Sur le terrain, nous voyons des situations dommageables et même inacceptables tant elles sont blessantes et irrespectueuses de la dignité des personnes qui en sont victimes.

Si vous n’étiez pas là, que ferions-nous, rien ou si peu, sauf à tenir des discours répétés à l’envi qui ne changent rien et qui, parfois pire, ne font que banaliser le mal avec pour conséquence le malheur auquel la Société s’habitue.

Seulement et heureusement, vous êtes là.

Je mesure combien votre engagement est une chance à un moment où l’Etat providence s’éloigne de par les déficits budgétaires abyssaux auxquels il est confronté. L’heure ne saurait être celle de l’indifférence, elle ne rôde que trop, jetant dans l’ombre quand ce ne sont pas les abîmes, trop de nos concitoyens touchés par la vulnérabilité.

L’unité de la Société se lézarde, le tissu social se déchire, si bien que des ménages, des foyers, passent de notre rive à une dérive.

L’humanisme est un soin traduisant une espérance dont conjointement nous sommes des semeurs.

Challenges, un hebdomadaire économique, titre cette semaine dans un de ses suppléments : « crise du logement, un scandale français ». L’article rappelle ce que nous évoquons depuis plusieurs semaines que près d’un logement sur cinq à Paris est inoccupé.

Dénoncer ce scandale est nécessaire, mais énoncer des réponses qui l’atténuent est ô combien plus important.

Notre mission est de faire naître de nouveaux possibles, suffisamment crédibles pour que les politiques et grands acteurs chargés de l’urbanisme et de l’habitat prennent à « bras le corps » les mesures susceptibles de passer de l’indignation à des actions transformatrices et régulatrices du marché.

Si, avec vous et grâce à vous, nous sommes des semeurs d’espérance, la question qui se pose est sa germination, en d’autres termes, son impact.

Le résultat de cette semence appelle l’acceptation d’une attente ; l’espérance, pour reprendre les mots de Bernanos, est celle du désespoir surmonté.

Pour ce faire, il nous faut bâtir des passerelles afin de joindre et nous laisser rejoindre par ceux qui précisément désespèrent, d’où notre mobilisation incessante, depuis 40 ans, de veiller à ce que l’acte de construire soit un acte de fraternité pour l’inscrire dans le cadre de la mixité sociale.

Les résultats ne sont pas instantanés, mais sans patience, traduisant une bienveillance, il n’y a aucune possibilité de changer et de faire changer ce qui doit l’être.
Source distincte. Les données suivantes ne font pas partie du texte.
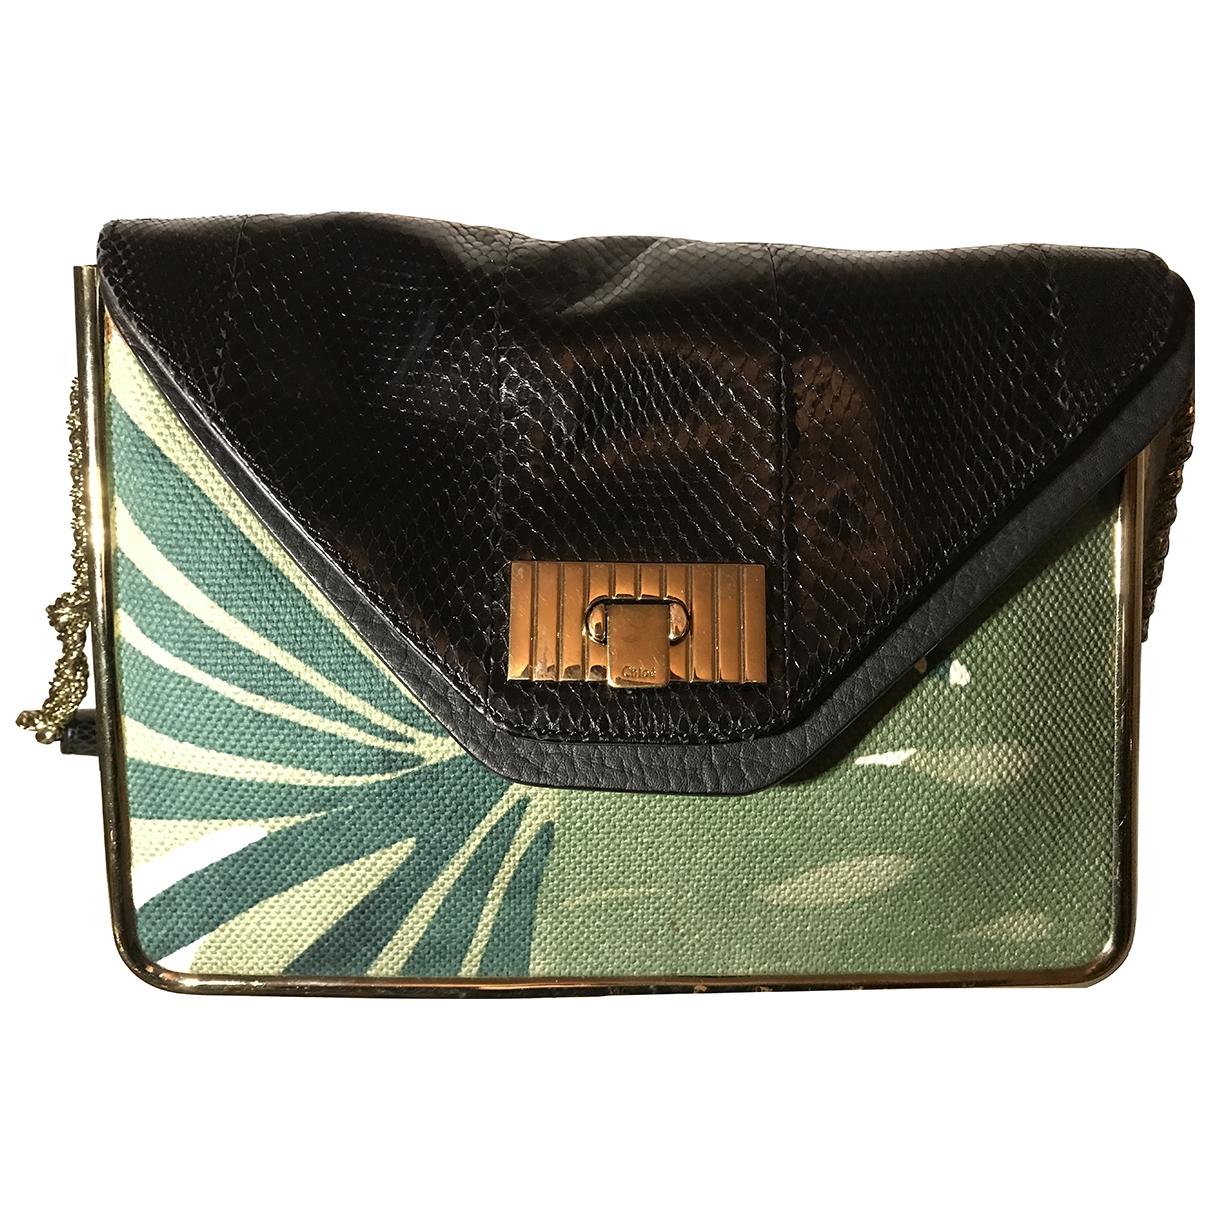 Chloé \N Green Water snake handbag for Women \N
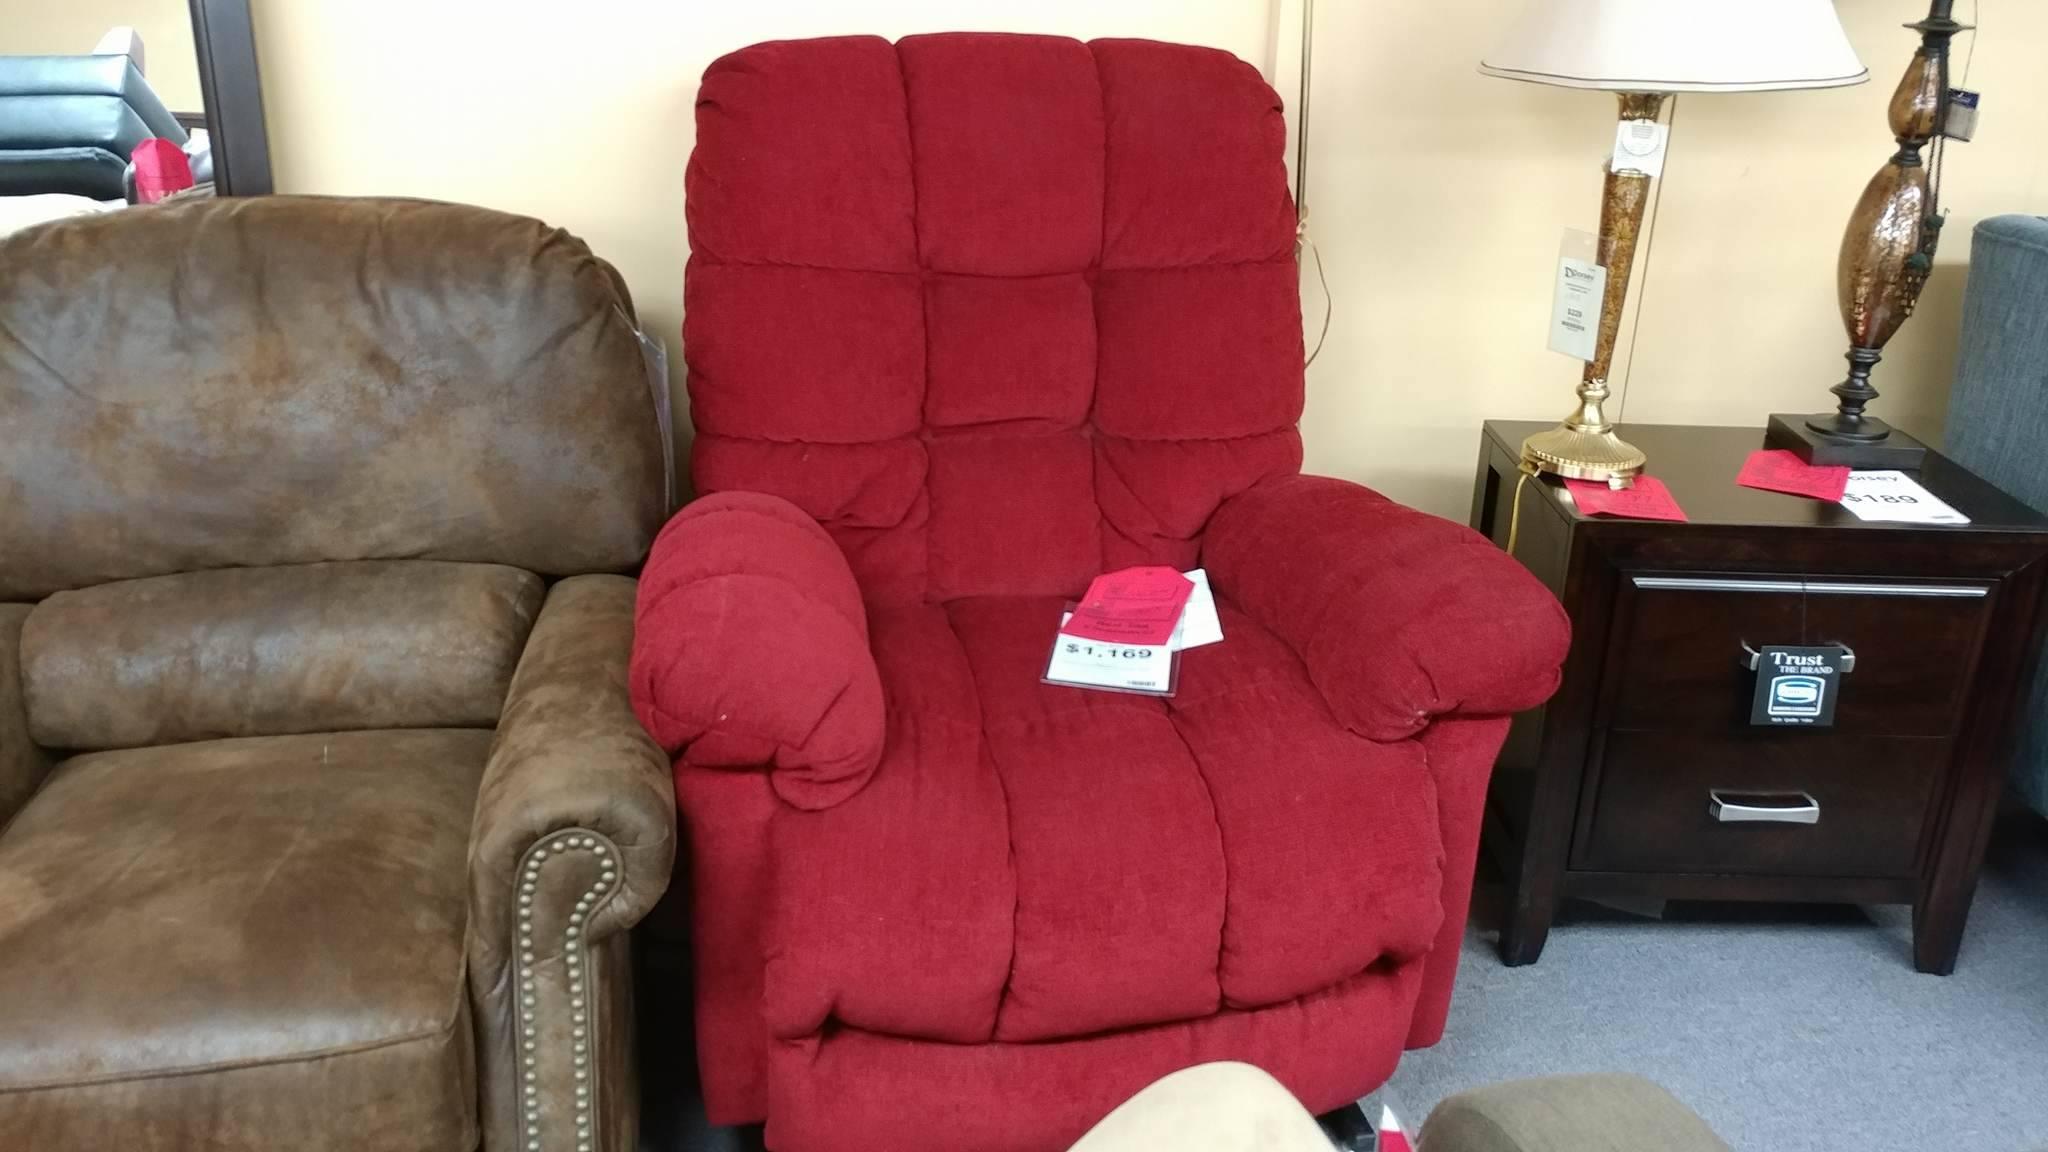 Best Chair Brosmer 9mw81 power lift recliner clearance

Il convient de prendre en compte les différences culturelles, sociales qui séparent ; il faut du temps pour comprendre, se comprendre. Impossible d’en faire l’économie, sauf à sombrer dans un fatalisme et dans ces jugements tout faits qui concourent aux incompréhensions.

Dans la Bible, ce grand livre d’humanité, il est précisé qu’il n’y a rien de nouveau sous le soleil ! Faudrait-il en tirer la conclusion que rien ne peut changer, naturellement, non ! Il s’agit de s’interroger : sous le soleil peut-être, mais au-dessus, qu’en est-il ?

Nous voici au cœur d’un appel à vivre un déplacement. Si, là, commençait l’espérance, une folie, chemin de la sagesse.